Cryptozoologie conference 2023 – report in Fortean Times

My report for Fortean Times on the Cryptozoologie conference in Dinant, Belgium in November 2023, which included my talk on “Reportages en observations des felins dans la compe de Suffolk 1974-2022” (that’s “Reports and sightings of big cats in the county of Suffolk, 1974-2022”) is now online here.

 

 

Update – reports of big cat sightings, October 2022-June 2024

Above is my map of the most recent big cat sightings I have received – mostly via the reporting form of this website since it went live in August 2023. Additionally, there was one report in the East Anglian Daily Times, one via Twitter and a couple to my personal email.

This is basically all the sightings in Suffolk (and one just outside Suffolk, just over the Norfolk border) that I’ve heard since Mystery Animals of Suffolk was published in mid-August 2023.

Are there any identifiable trends in the period of almost a year since Mystery Animals of Suffolk appeared?

Pumas are back, after an almost total absence since they dropped off the Suffolk radar in 2018.

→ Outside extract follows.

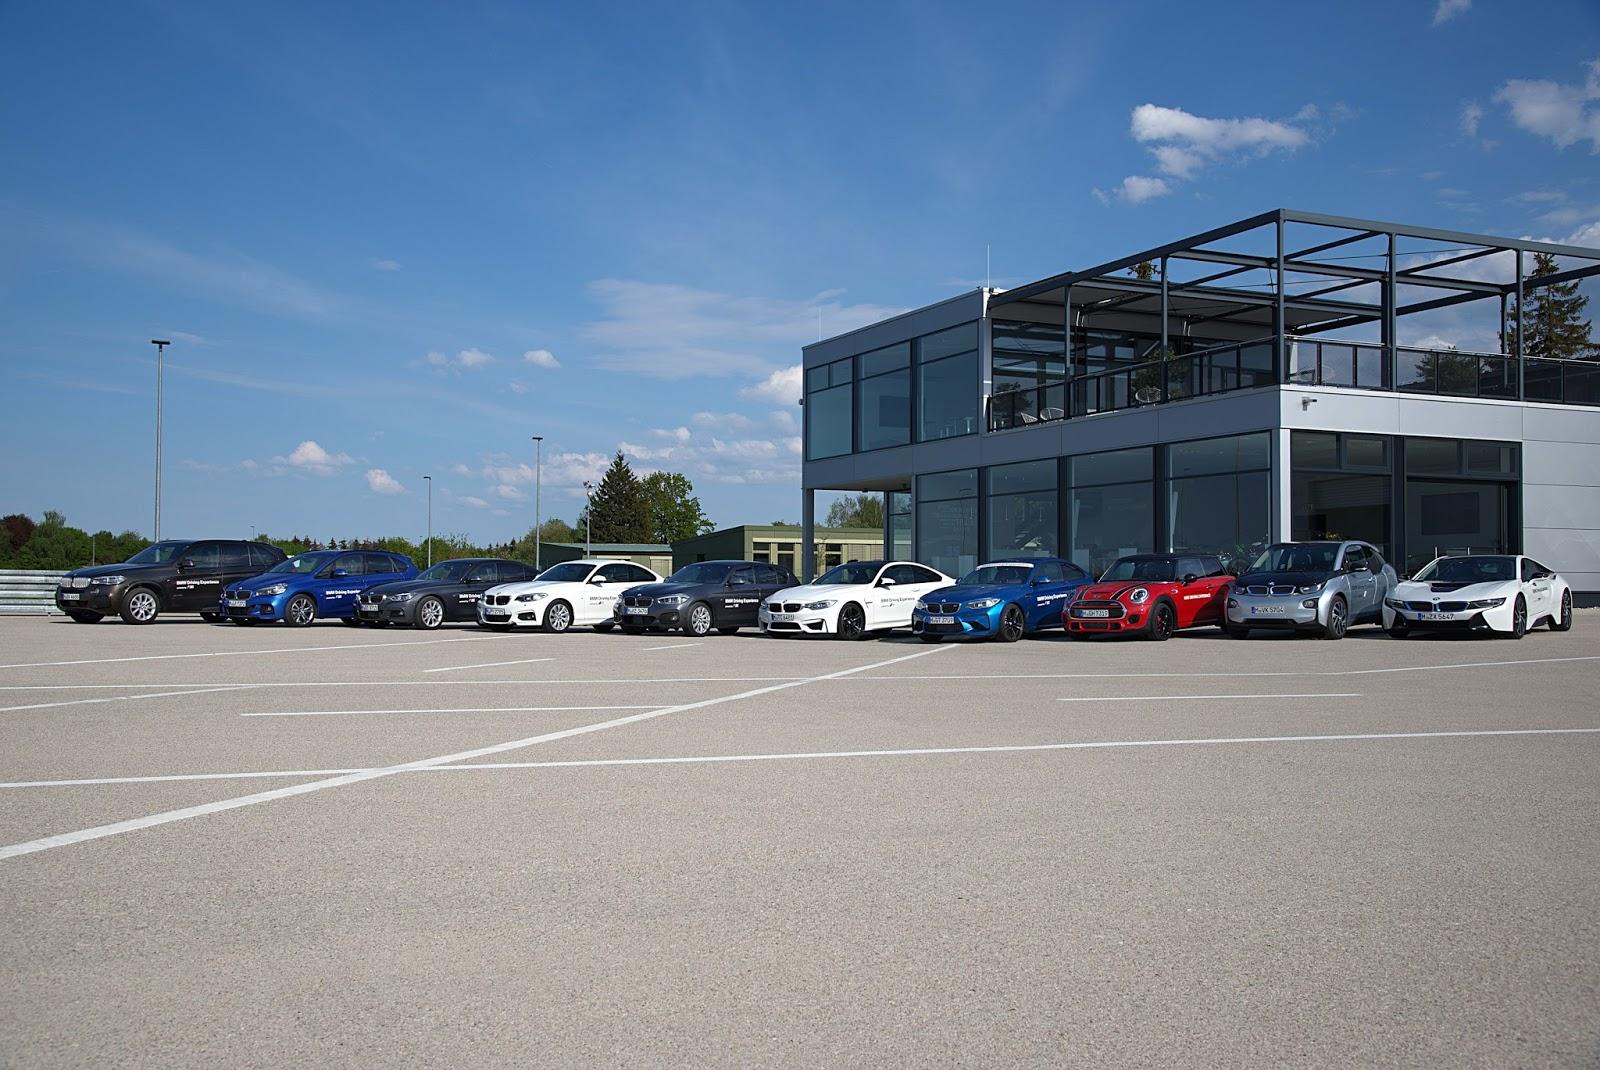 P90254194 highRes bmw mini driving ex 1 Γίνε καλύτερος οδηγός κάτω από όλες τις συνθήκες, με Bmw και Mini BMW, BMW i, BMW M, Driver, Driving Skills, Safety, οδήγηση, οδηγοί

There are many now more reports from female witnesses than in the previous half century. It tended to be men in traditionally male occupations that had them out and about very early in the morning or late a night. Now a significant proportion of reports are from women, often walking their dogs or driving, or as passengers in a car when the driver had to pay attention to the road and didn’t see the big cat. A greater diversity of witnesses to me adds to the credibility of the phenomenon.

In a year I have three reports of strange “growling” sounds, which informants tell me were suggestive of a big cat in the neighbourhood. This is many more than previously. One witness described a sound like a heavy object being dragged along a concrete floor. Another described a “sawing” noise and sent me an internet audio file or a growling leopard saying it sounded exactly like that.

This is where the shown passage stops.